» **DATA SECTION**:
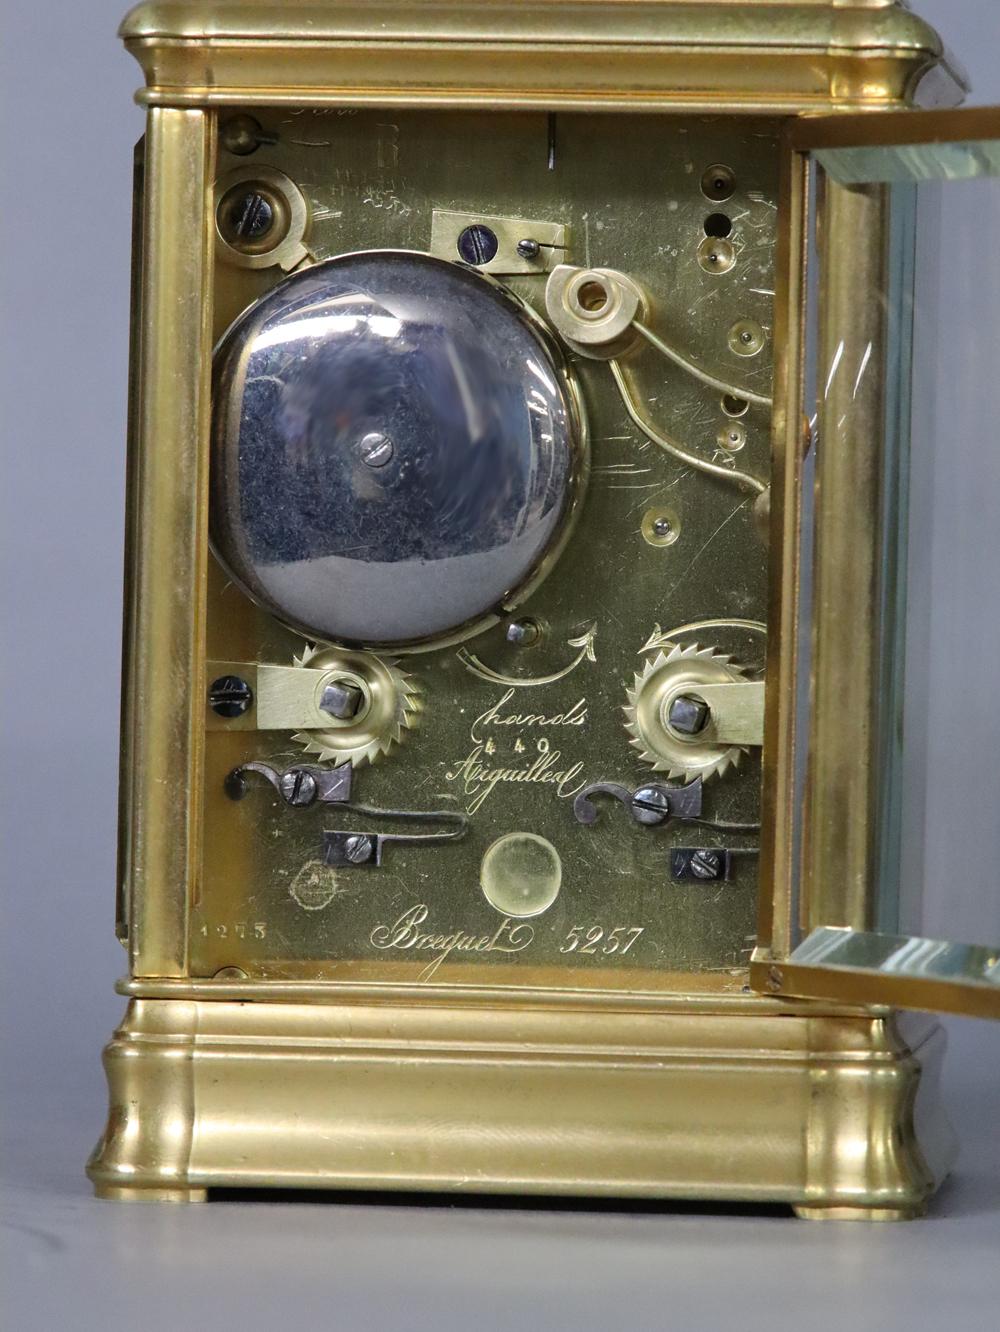 c.1876 French Quarter-Striking Carriage Clock by Breguet In Good Condition For Sale In Greenlawn, NY
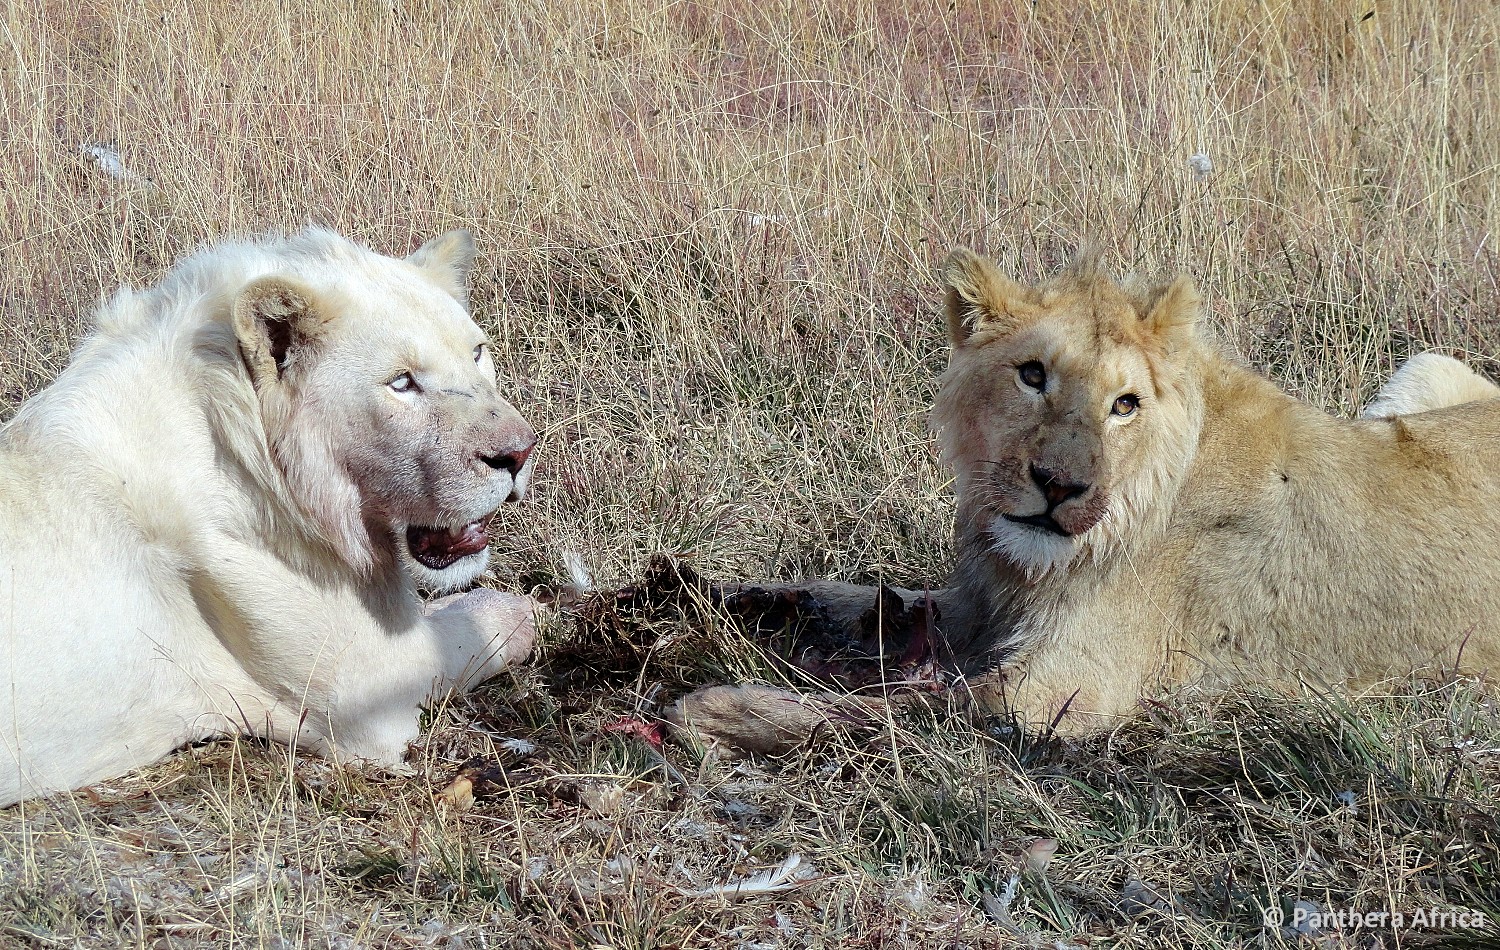 Obi and Oliver shortly after their rescue from lion breeding farm
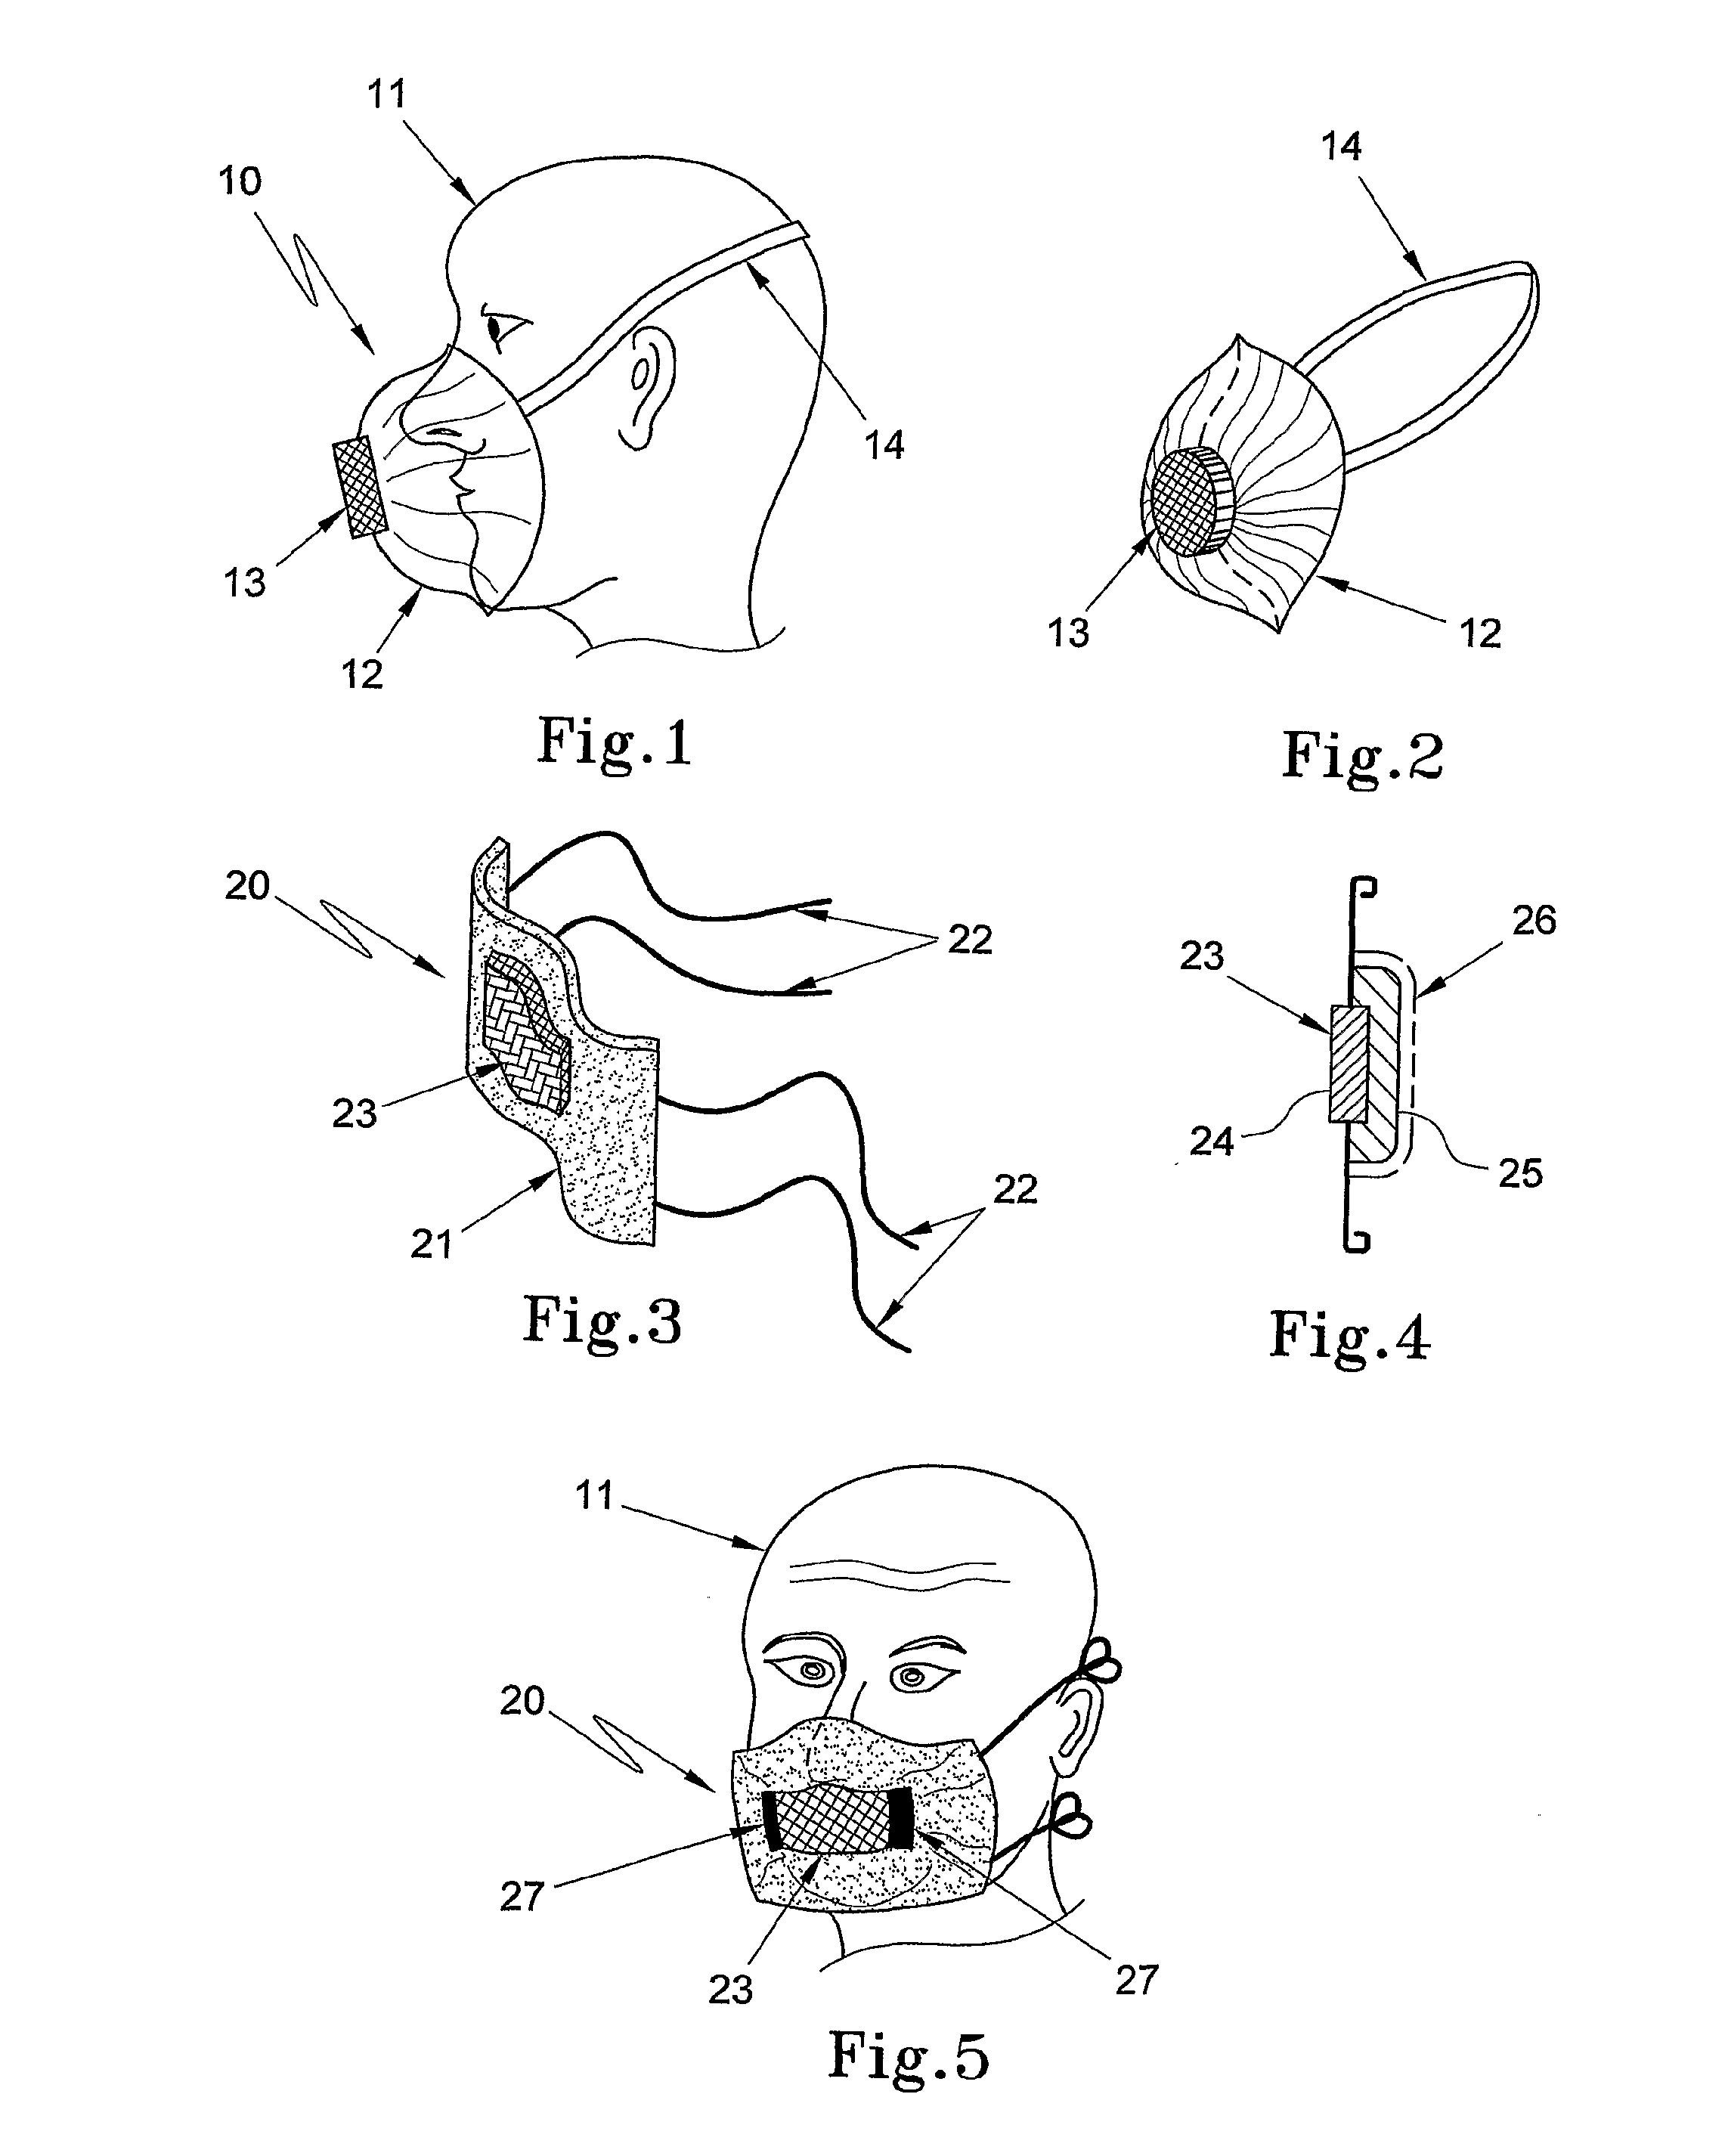 Collection Device for Sampling Exhaled Airstreams

» **EXERCISE INSTRUCTIONS**: Every line of the material above should be repeated exactly, except for the pictures.

» **RESULT**:
 c.1876 French Quarter-Striking Carriage Clock by Breguet In Good Condition For Sale In Greenlawn, NY
 Obi and Oliver shortly after their rescue from lion breeding farm
 Collection Device for Sampling Exhaled Airstreams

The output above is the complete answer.